** EXERCISE INPUT follows **

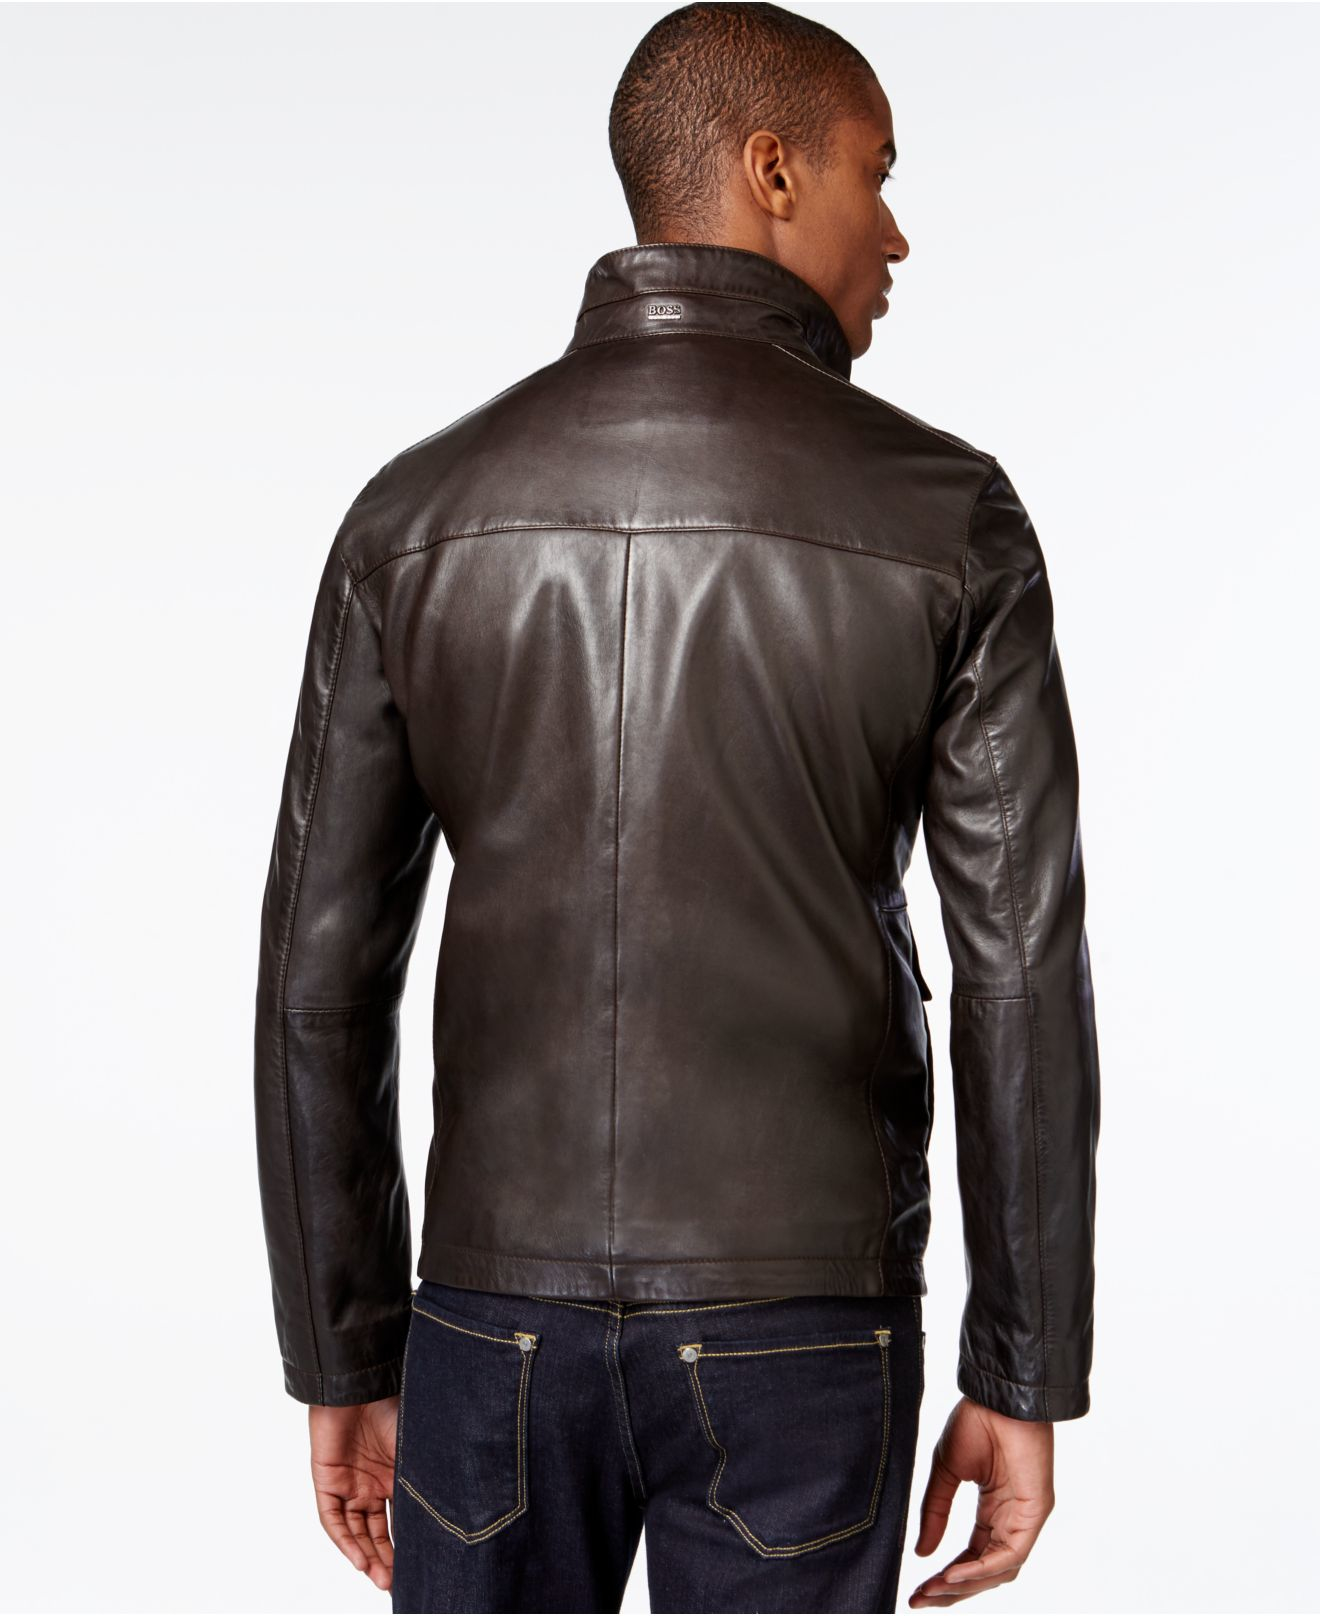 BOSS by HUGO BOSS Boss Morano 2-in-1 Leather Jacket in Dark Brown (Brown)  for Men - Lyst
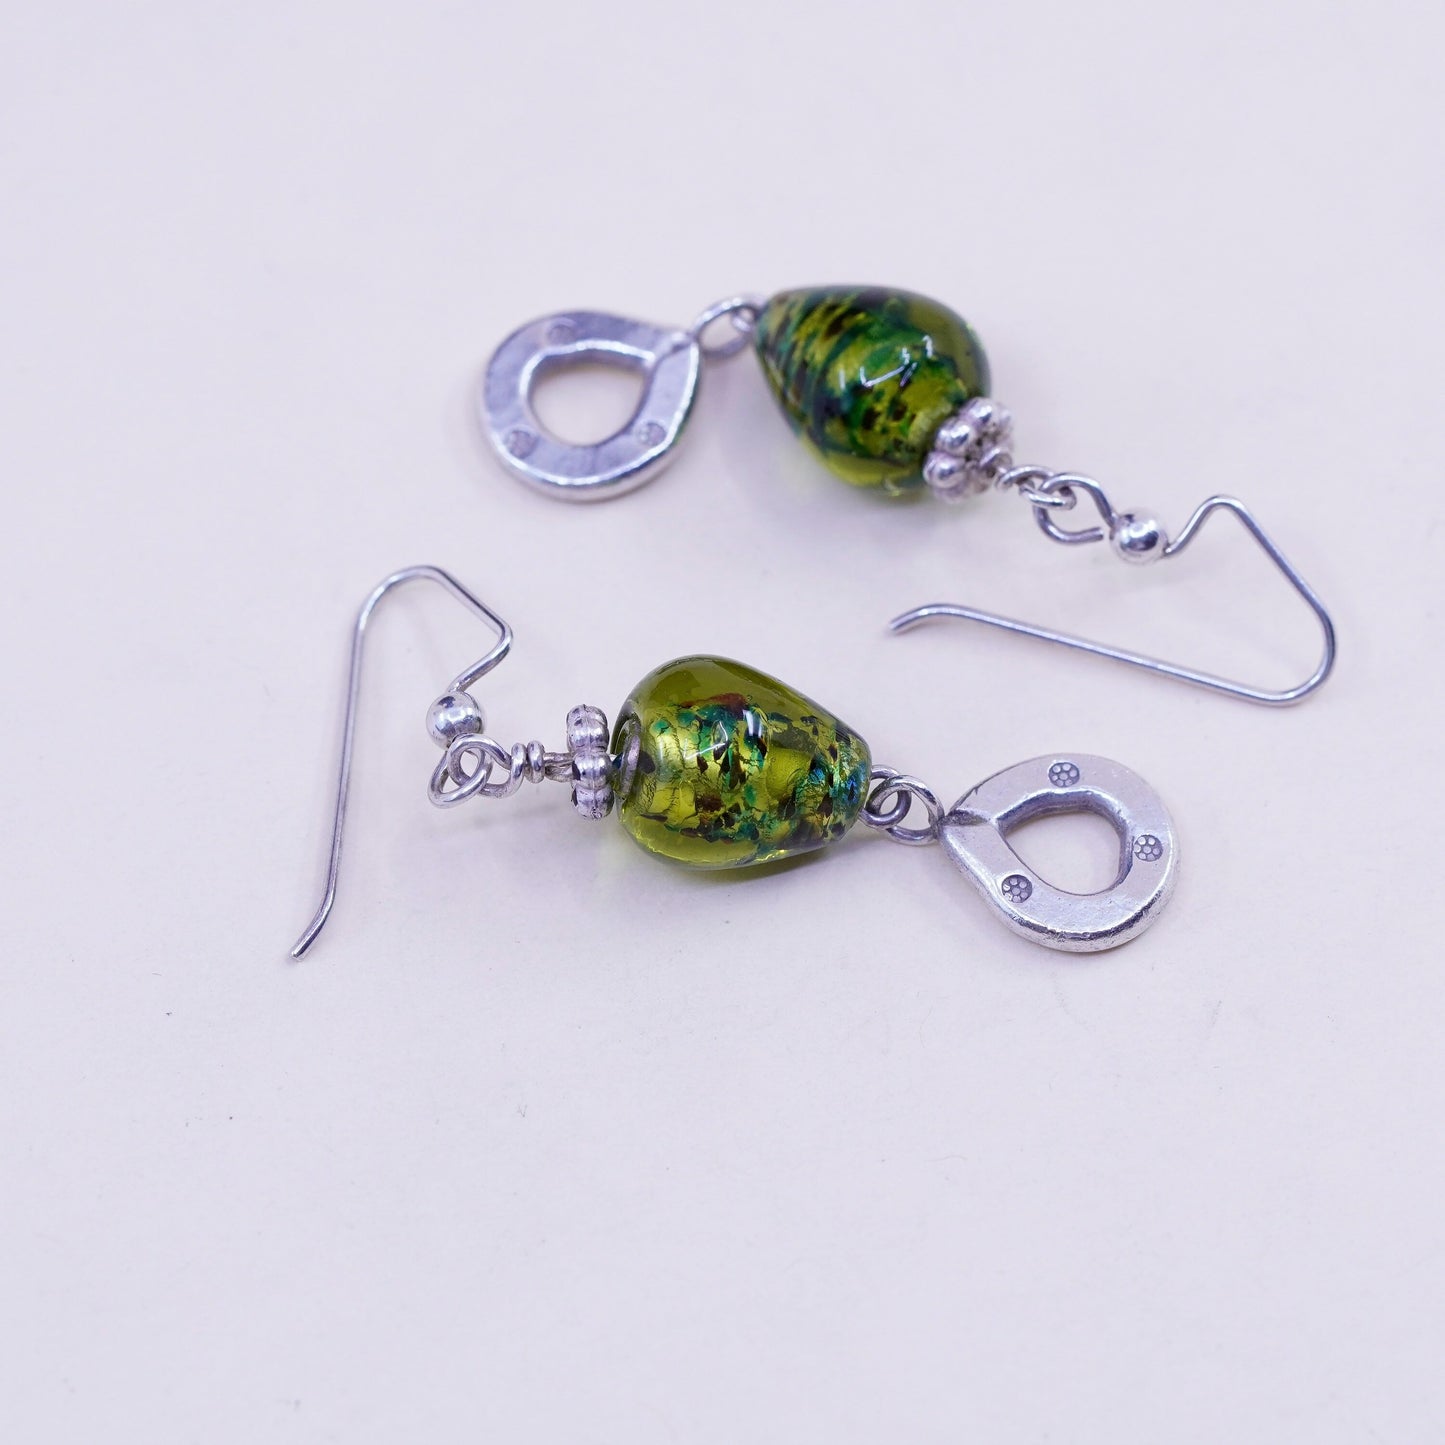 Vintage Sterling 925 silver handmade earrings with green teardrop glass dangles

** End of EXERCISE INPUT **
** EXERCISE INPUT follows **

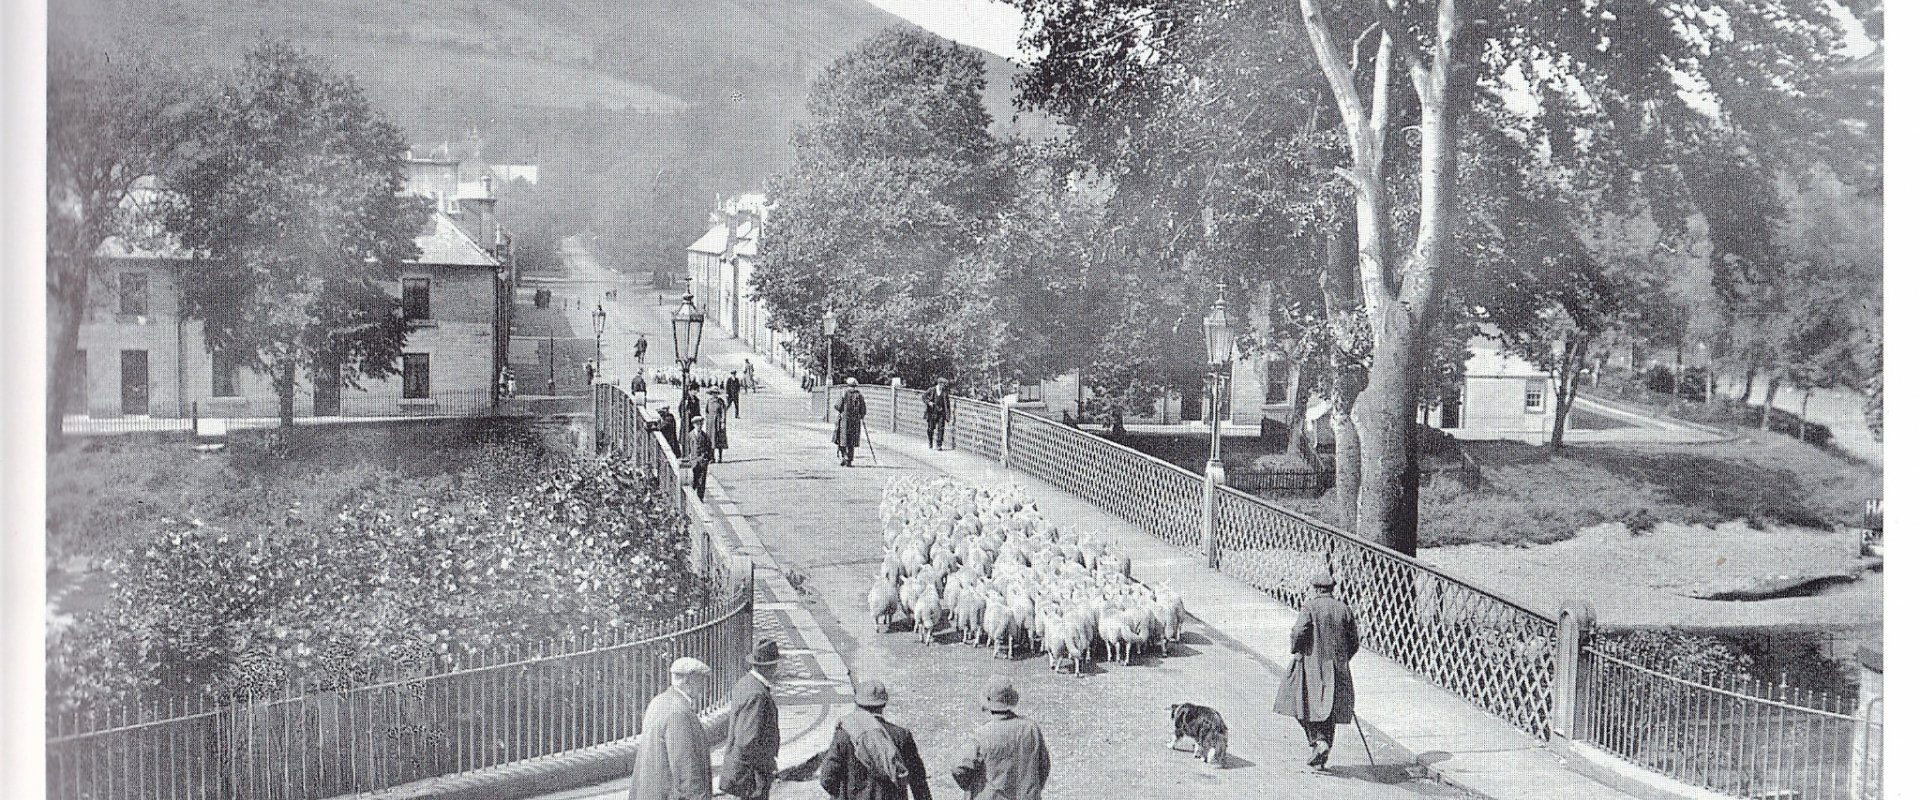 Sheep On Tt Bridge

** End of EXERCISE INPUT **

Reproduce the listing above exactly from the line containing "BOSS by HUGO" up to and including the line containing "Vintage Sterling 925", omitting any images and everything outside those lines.

#### RESULT:
 BOSS by HUGO BOSS Boss Morano 2-in-1 Leather Jacket in Dark Brown (Brown)  for Men - Lyst
 Vintage Sterling 925 silver handmade earrings with green teardrop glass dangles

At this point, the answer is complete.